DYNAMITE PLOTS AND BALLOTS.

BY BEN TOWNSEND.

[Old West, Fall, 1975.]

[Note: Larry Rhodes, Arkansas City, gave me a xeroxed copy of this article, which he has in his possession, so that the information contained therein can be distributed to interested individuals in Winfield and other areas of Cowley County. MAW]

Article posed the following question: "Can politics exist without an element of the cloak and dagger? Maybebut it's had a hard time doing it so far!"

Article showed a photograph of two men on the first page: Leo Vincent and Harry Vincent. On the following page more photos were shown: Winfield, Kansas, circa 1890; Edwin P. Greer, Winfield Courier editor; Kansas Governor Lyman Humphrey; and the Capitol building in Topeka, Kansas, circa 1888.

 

ABOUT 11 o'clock the morning of October 18, 1888, H. M. Upham sat at his desk in the Pacific Express Company's office at Eighth and Walnut in Coffeyville, Kansas. Hearing the side door open, he looked up just as a tall, bearded man entered. Under one arm he carried a box.

Upham got up and went to the counter. "Help you?" he asked.

"Yes," said the bearded man. "When does the train go north?" He set the box down on the counter.

"At 4:30 in the morning. You want to ship that?" Upham pointed to the pine box.

The man nodded. "I want it to go to L. Louden in Winfield, Kansas. How much are the charges?"

"Twenty-five cents," Upham said, lifting the box.

The customer pushed the money across the counter and turned to go. "Just a minute," Upham said. "I have to have your name."

The man turned. "Put P. Jason as the sender."

Upham wrote it down. "Anything breakable?"

"Yes. It contains glass, some medicine, and some bottles. Handle it very carefully." He pointed to the box. "Don't throw it on the dray or leave it at the depot. Look after it yourself."

Upham scribbled the instructions on a shipping tag, then picked up a small hammer and some four-ounce tacks. He stuck them through the tag; then lightly hammered them into the box.

"Careful with it," the bearded man said, watching.

"Don't worry," the express agent grinned good-naturedly. "It's our business to see packages are handled without damage."
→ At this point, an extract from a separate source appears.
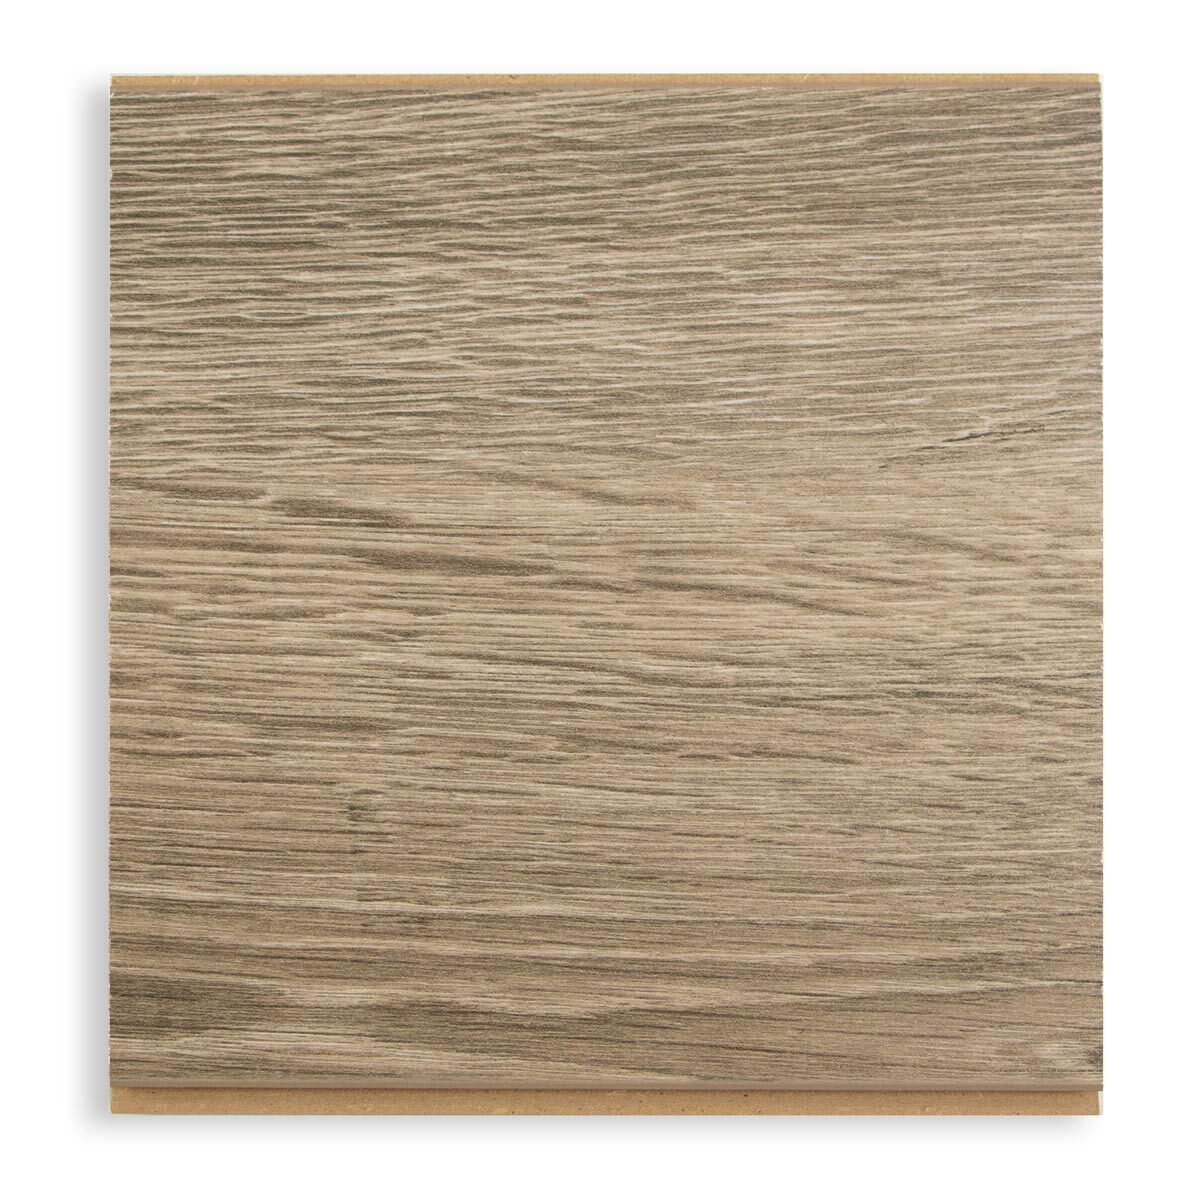 Cut out image of flooring sample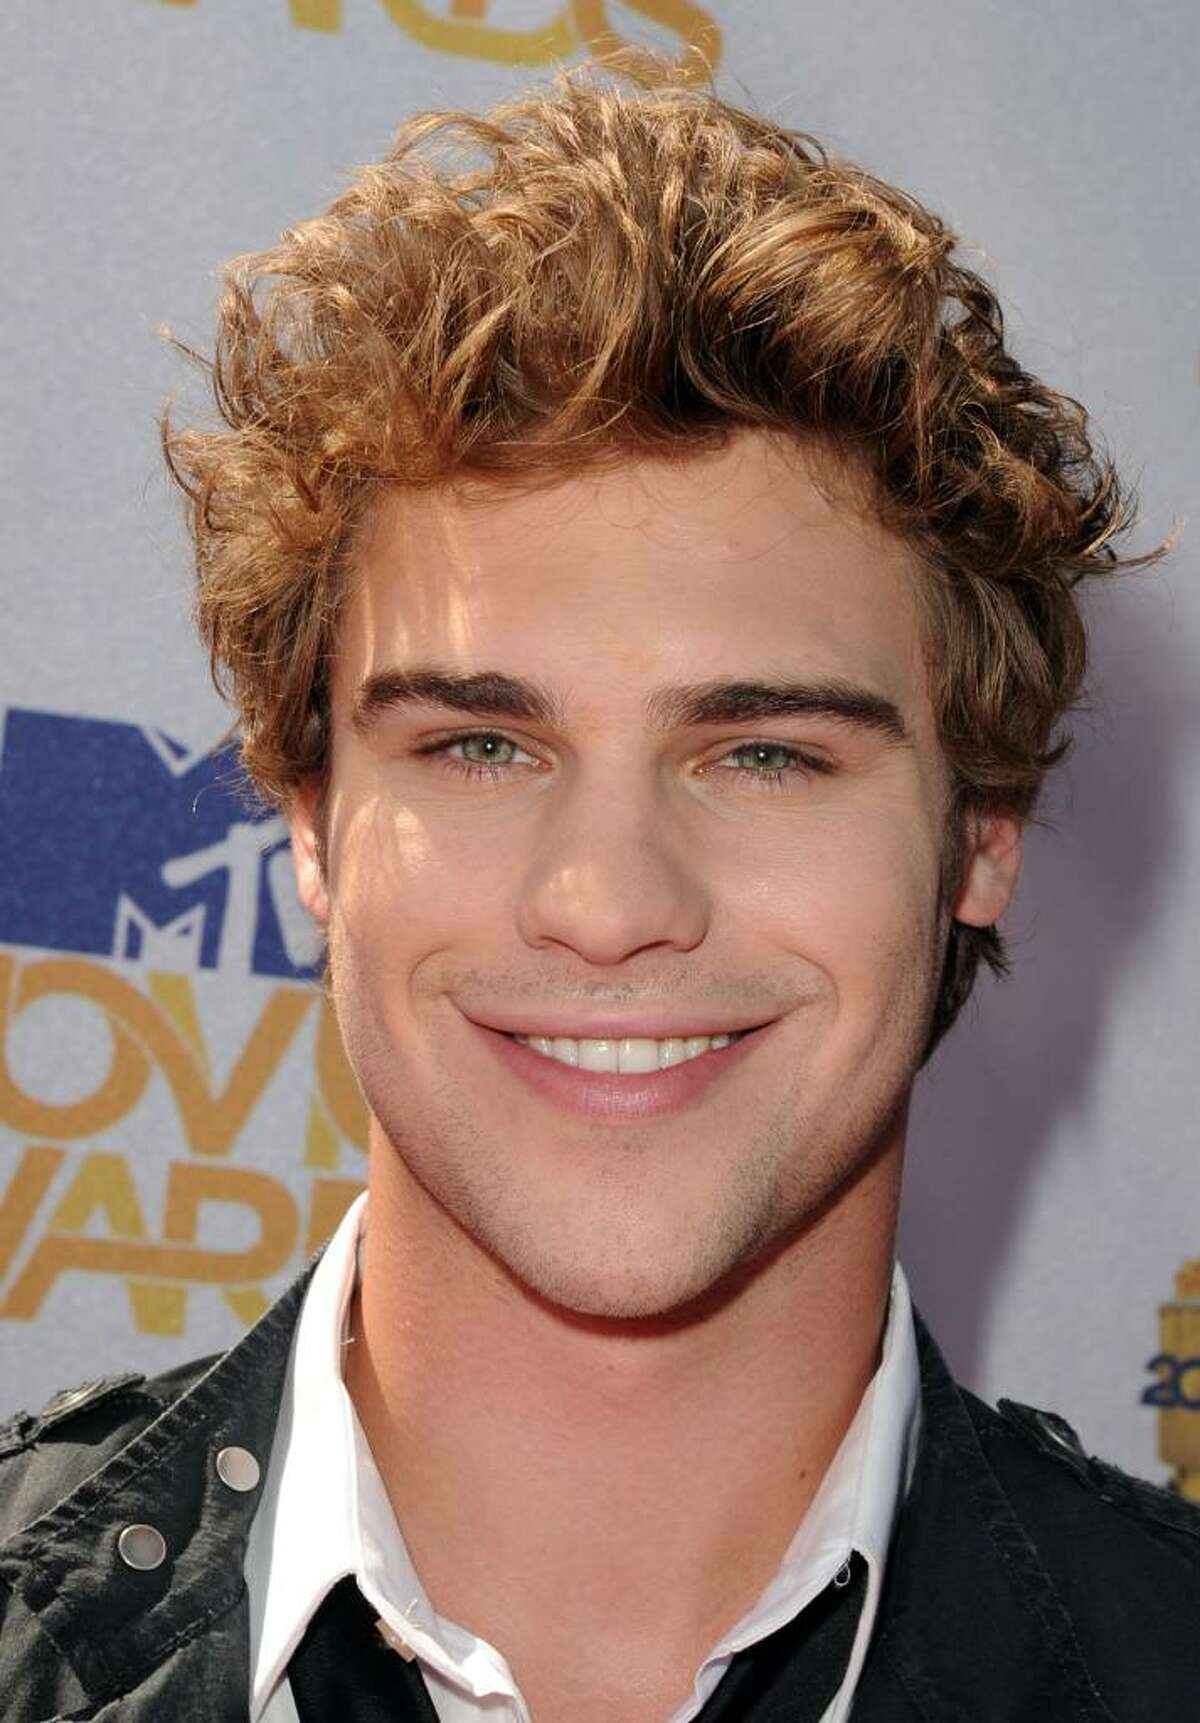 UNIVERSAL CITY, CA - JUNE 06: Grey Damon arrives at the 2010 MTV Movie Awards held at the Gibson Amphitheatre at Universal Studios on June 6, 2010 in Universal City, California. (Photo by Kevin Winter/Getty Images) *** Local Caption *** Grey Damon

"Good," the man said. Then he walked out.

The agent entered the shipment in his forwarding book, filled out a waybill, then locked his desk and safe. He was anxious to get home. An amateur photographer, he had promised his adopted daughter, Mabel, to take her picture when she came home from school at noon.

Upham placed the box on the wagon seat next to him and drove half-a-mile southwest to his frame house at the corner of Spruce and Eleventh Street. The box was placed out of the way in a corner of the small darkroom he had finished building only a few days before. It would be safe there until time to put it on the train. There was nothing unusual in his bringing the box home with him. He often did that to safeguard fragile shipments until train time.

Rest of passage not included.